At a news conference held last week in Harrisburg, Pennsylvania, Attorney General Josh Shapiro recounted some of the horrors of abuse as detailed in the report.

"Priests were raping little boys and girls, and the men of God who were responsible for them not only did nothing, they hid it all," said Shapiro.

Many have demanded swift action within the Catholic Church in response to this latest documentation of sexual abuse and cover-up from leadership.

An online petition signed by about 2,400 Catholic theologians and laymen called for all United States bishops to offer their resignations to the pope as "a public act of repentance and lamentation before God and God's People."

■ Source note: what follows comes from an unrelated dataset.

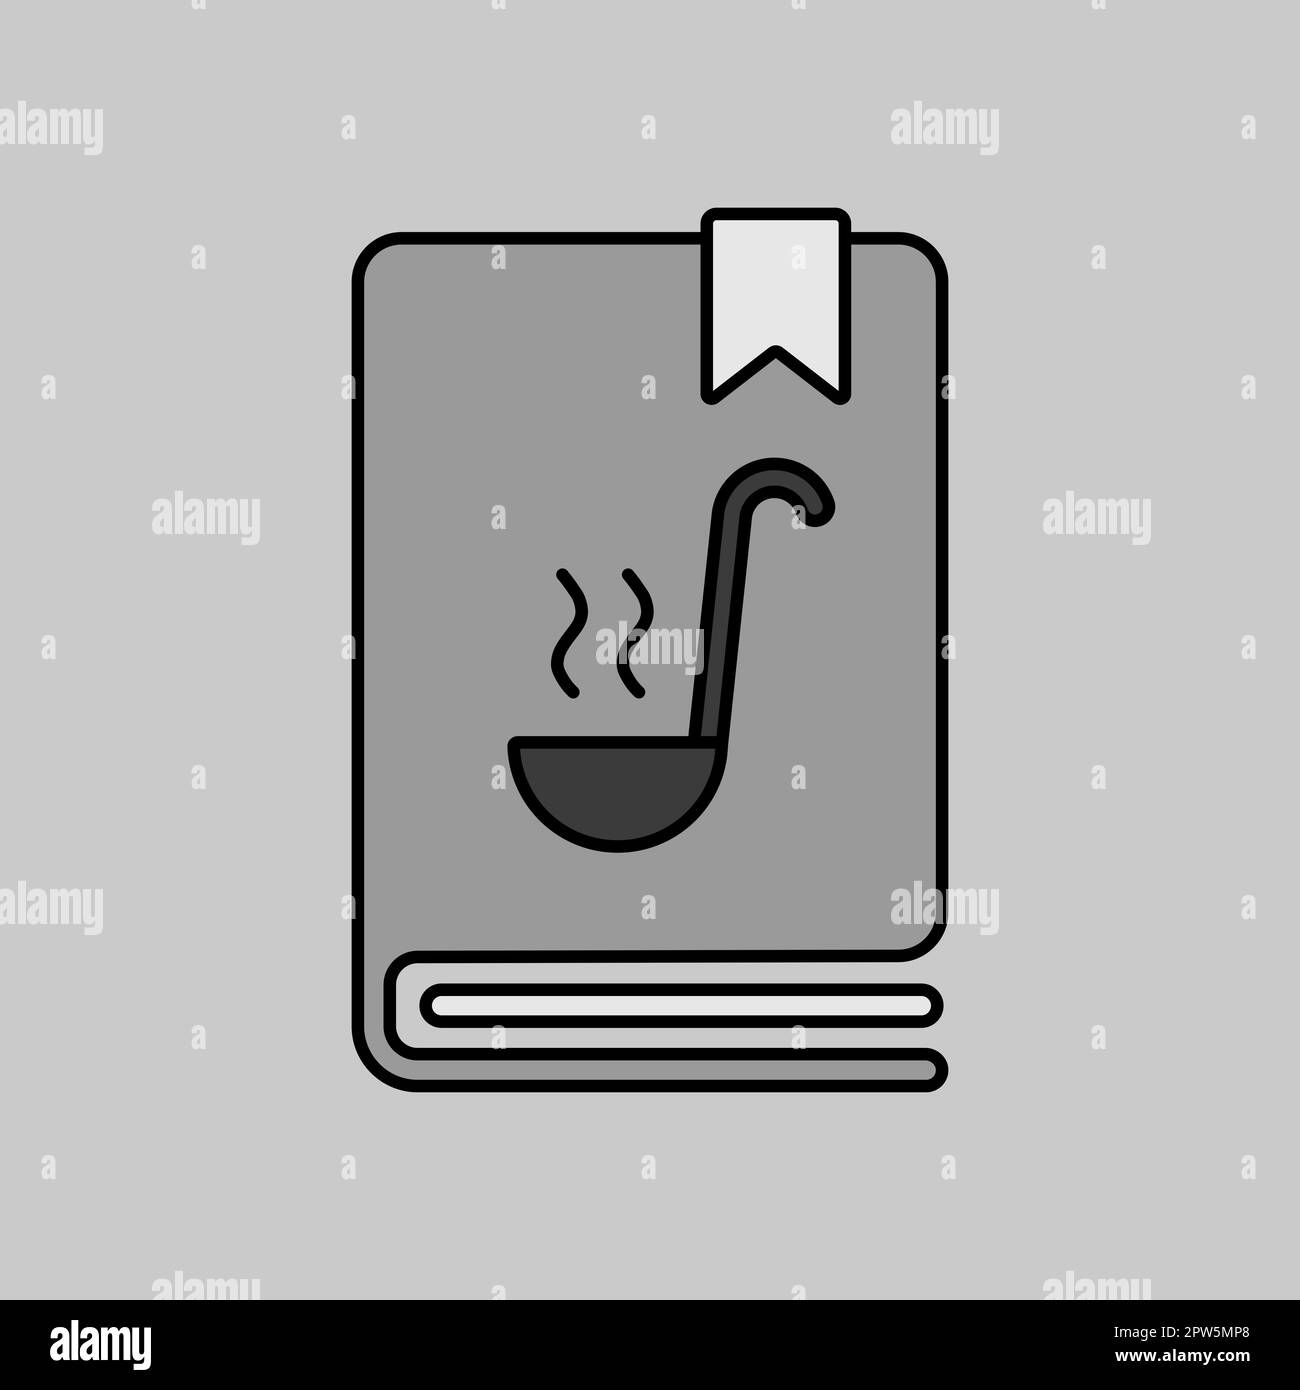 https://c8.alamy.com/comp/2PW5MP8/cookbook-or-cookery-book-vector-grayscale-icon-recipe-book-kitchen-appliance-graph-symbol-for-cooking-web-site-design-logo-app-ui-2PW5MP8.jpg

The petition drew its inspiration from Chile, where a recent sex abuse scandal prompted all 34 of the Latin American nation's bishops to offer their resignation to Francis; ultimately three of them were accepted.

"The catastrophic scale and historical magnitude of the abuse makes clear that this is not a case of 'a few bad apples' but rather a radical systemic injustice manifested at every level of the Church," explains the petition.

"Systemic sin cannot be ended through individual goodwill. Its wounds are not healed through statements, internal investigations, or public relations campaigns but rather through collective accountability, transparency, and truth-telling."